The Data Lakehouse is an emerging architecture reshaping how we handle data. At the heart of this evolution lies Databricks Unity Catalog, transforming the way we manage data within the Lakehouse.

Delta is not just a file format, it's the engine driving the Lakehouse concept, solving data management challenges effortlessly. However, there remained gaps in data discovery and governance within these Lakehouse data platforms. We'll uncover how Unity Catalog bridges these gaps, eliminating the need for external tools.

In this session, we'll understand the purpose behind Unity Catalog, highlight its key features for controlling data assets and the core components to explore data effectively.

By the end of this session, you will have a clear understanding of Unity Catalog capabilities and how to leverage them to build a robust and efficient data lakehouse using Databricks Unity Catalog.

Value of DevOps Release Process in Data Teams

Have you ever wondered why release plans, approaches, and environments are important in the world of data operations?
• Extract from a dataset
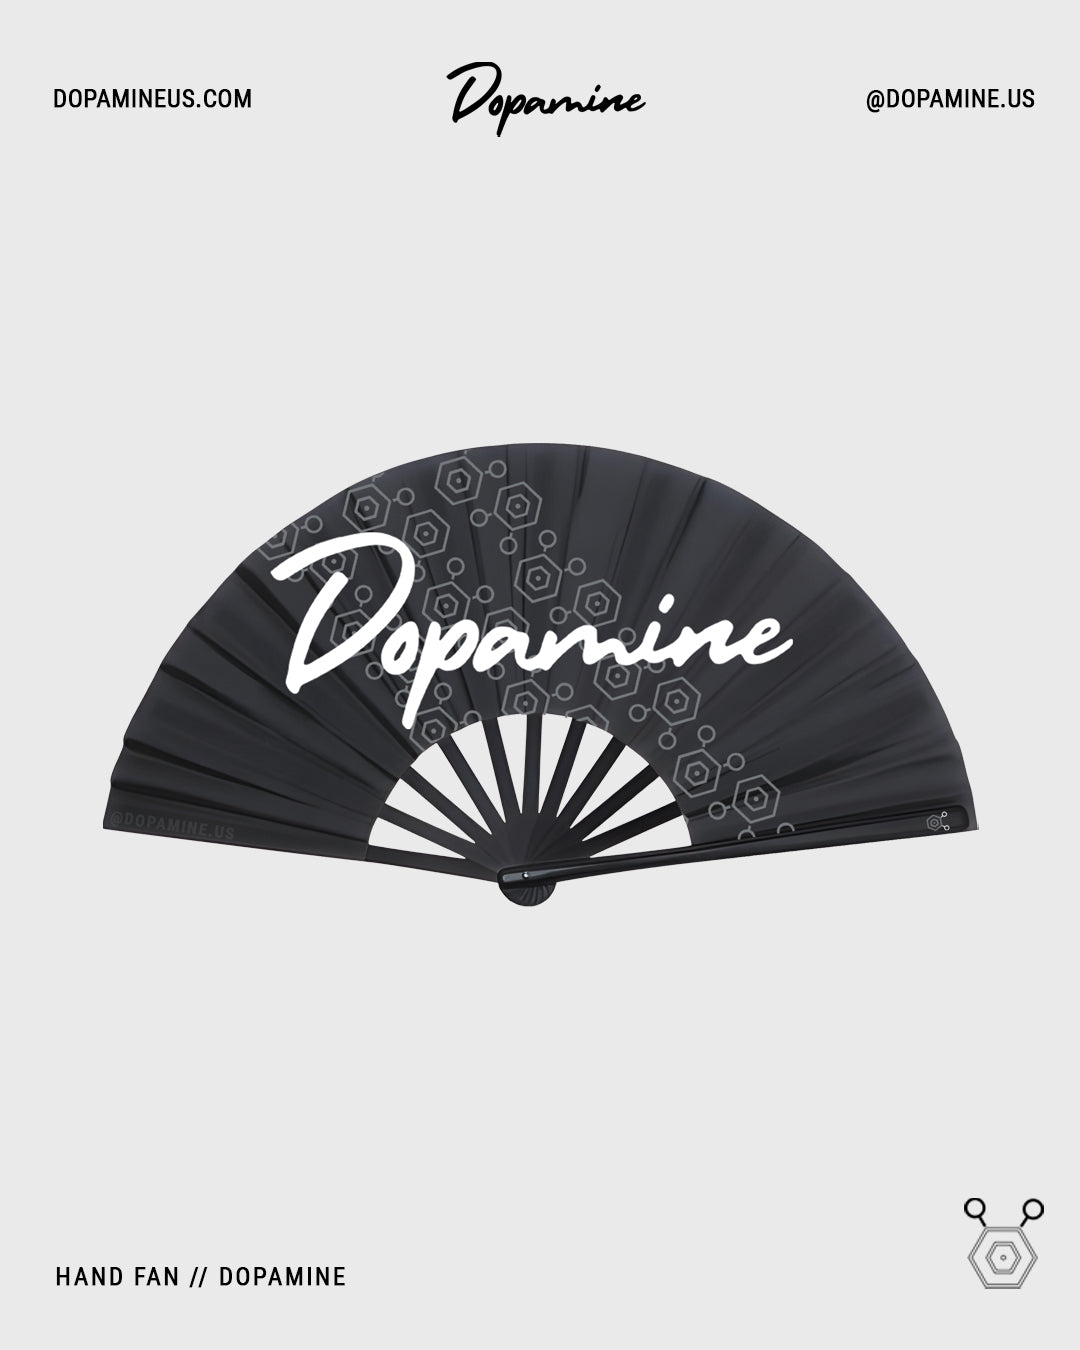 Dopamine fan

Many data professionals come from various backgrounds without prior software development experience, leading to questions about the necessity of these concepts.

In this session, we will discuss the significance of DevOps Release Processes for data teams. We will explore how insufficient processes can lead to delays in deployment, introduce breaking changes, hinder team collaboration and result in multiple releases.

This session will explore why DevOps, release processes, plans, and development environments (dev, test, and prod) are essential for growing data teams. Will examine different branching strategies like GitFlow and GitLab Flow, weighing the pros and cons of each.

By the end of the session, you'll not only understand the importance of these practices but also see how they are applied in data teams. You'll discover how they help streamline processes, improve collaboration, and reduce risks in data projects.

Mastering Delta Lakes in Azure

Once upon a time we had the Data Warehouse, life was good but it had its limitations, particularly around loading/storing complex data types. As data grew larger and more varied, the warehouse became too rigid and opinionated.

So we dove headfirst into Data Lakes to store our data. Again, things were good, but missed some of the good times that the Data Warehouse had given us. The lake had become too flexible, we needed stability in our life. In particular, we needed A.C.I.D (Atomicity, Consistency, Isolation, and Durability) Transactions.

Delta Lake, hosted by the Linux Foundation, is an open-source file layout protocol for giving us back those good times, whilst retaining all of the flexibility of the lake. Delta has gone from strength to strength, and in 2022 Databricks finally open-sourced the entire code-base, including lots of advanced features that were previously Databricks-only. This workshop takes you from the absolute basics of using Delta within a Lake, through to some of those advancing engineering features, letting you really master your Delta Lake.

In this workshop we will go from Zero to Hero with Delta, including:
• Handling Schema Drift
• Applying Constraints and Database Designs
• Time-Travel & Management
• Optimize & Performance Tuning
• Streaming

We will also show you how to work with Delta inside and outside of its original home of Databricks.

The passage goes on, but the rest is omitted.